I wanted to know how accurate short tests for a minute or so were, I also wanted to know how accurate perfmon was. The lowest time resolution in perfmon is 1 second and when issuing and measuring IO requests in milliseconds, 1 second is a long time (well 1000 milliseconds to be precise).
How well do those 1-second averages stand up to potentially thousands of requests per second?
How did I do it?
I used diskspd to generate a load of random reads, I throttled diskspd so we wouldn’t be hit by an Azure throttle. I just issued reads, random reads that would be spread out over the provisioned SSD, which as far as I knew could be 1 or a hundred physical disks.
I have recorded three sets of stats, I have the diskspd output, perfmon trace and an ETW trace of every single IO request over the 24 hours.
I understand that there are limitations to measuring IO from within the VM itself and these limitations show themselves time and time again in this post.

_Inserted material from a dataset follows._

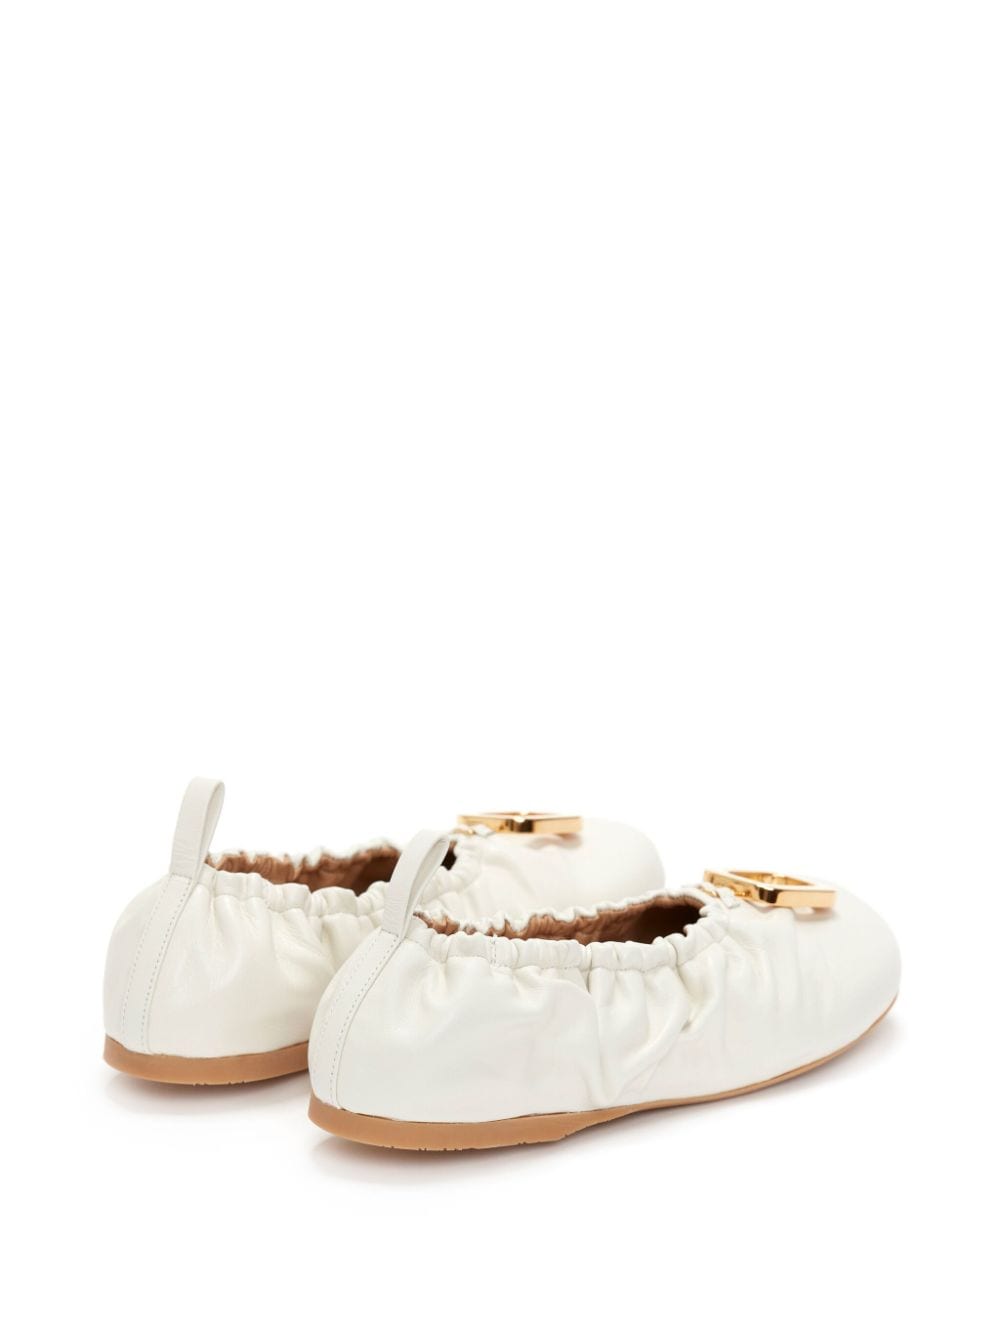 Shop Jw Anderson Jwa Leather Ballerina Shoes In White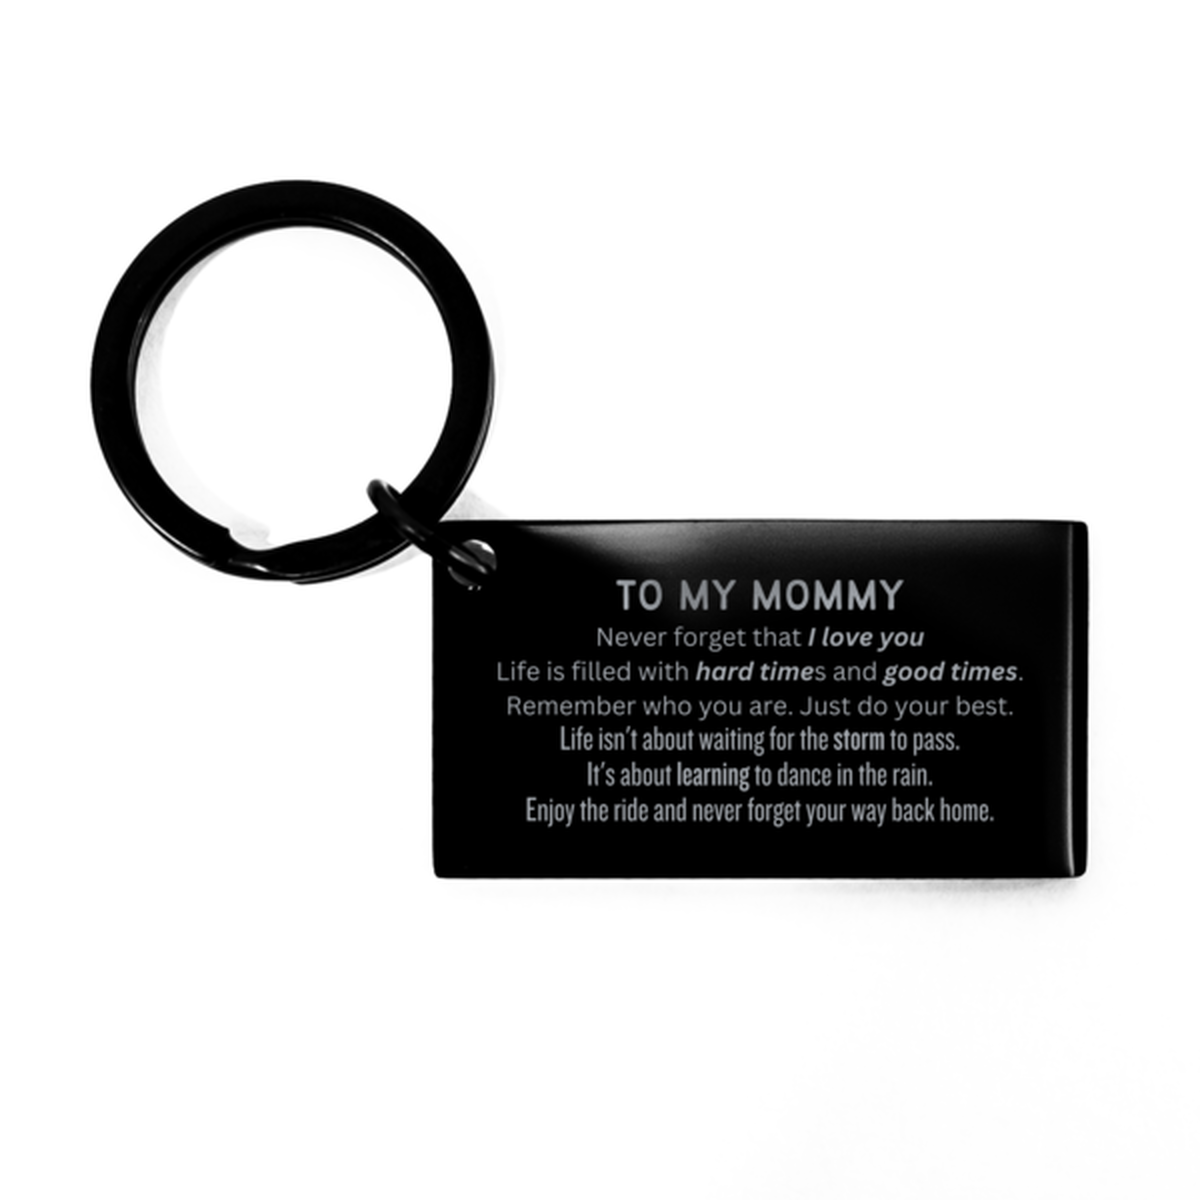 Christmas Mommy Keychain Gifts, To My Mommy Birthday Thank You Gifts For Mommy, Graduation Unique Gifts For Mommy To My Mommy Never forget that I love you life is filled with hard times and good times. Remember who you are. Just do your best

It isn’t ideal and I would love to be able to record from the host but well, I can’t so let’s not cry about it for too long.
I disabled the cache on the drive so I would go back to the actual disk and I kept requests at 256K which is the magic number in Azure IO. If you get larger IO’s than 256K, then they cost more than one IO so you hit the throughput throttle sooner than you should.
I initially tried and failed to generate one massive 24-hour log file, I had one hilarious attempt at using procmon.exe to measure each IO, but that resulted in procmon.exe using 4 TB of virtual memory on a machine that had neither 4TB of RAM or swap space. I ended up settling on having 24 one-hour chunks of logs and combining them myself afterwards.
I captured the diskspd output, a perfmon with a resolution of 1-second and an ETW trace which covered every single IO request on the server. To gather the results, I filtered the ETW trace to just my disk and used wpaexporter to export the ETW traces as CSV files which I read in using python, created one massive (24-hour) dataset and then spat out a load of charts.
What are the results?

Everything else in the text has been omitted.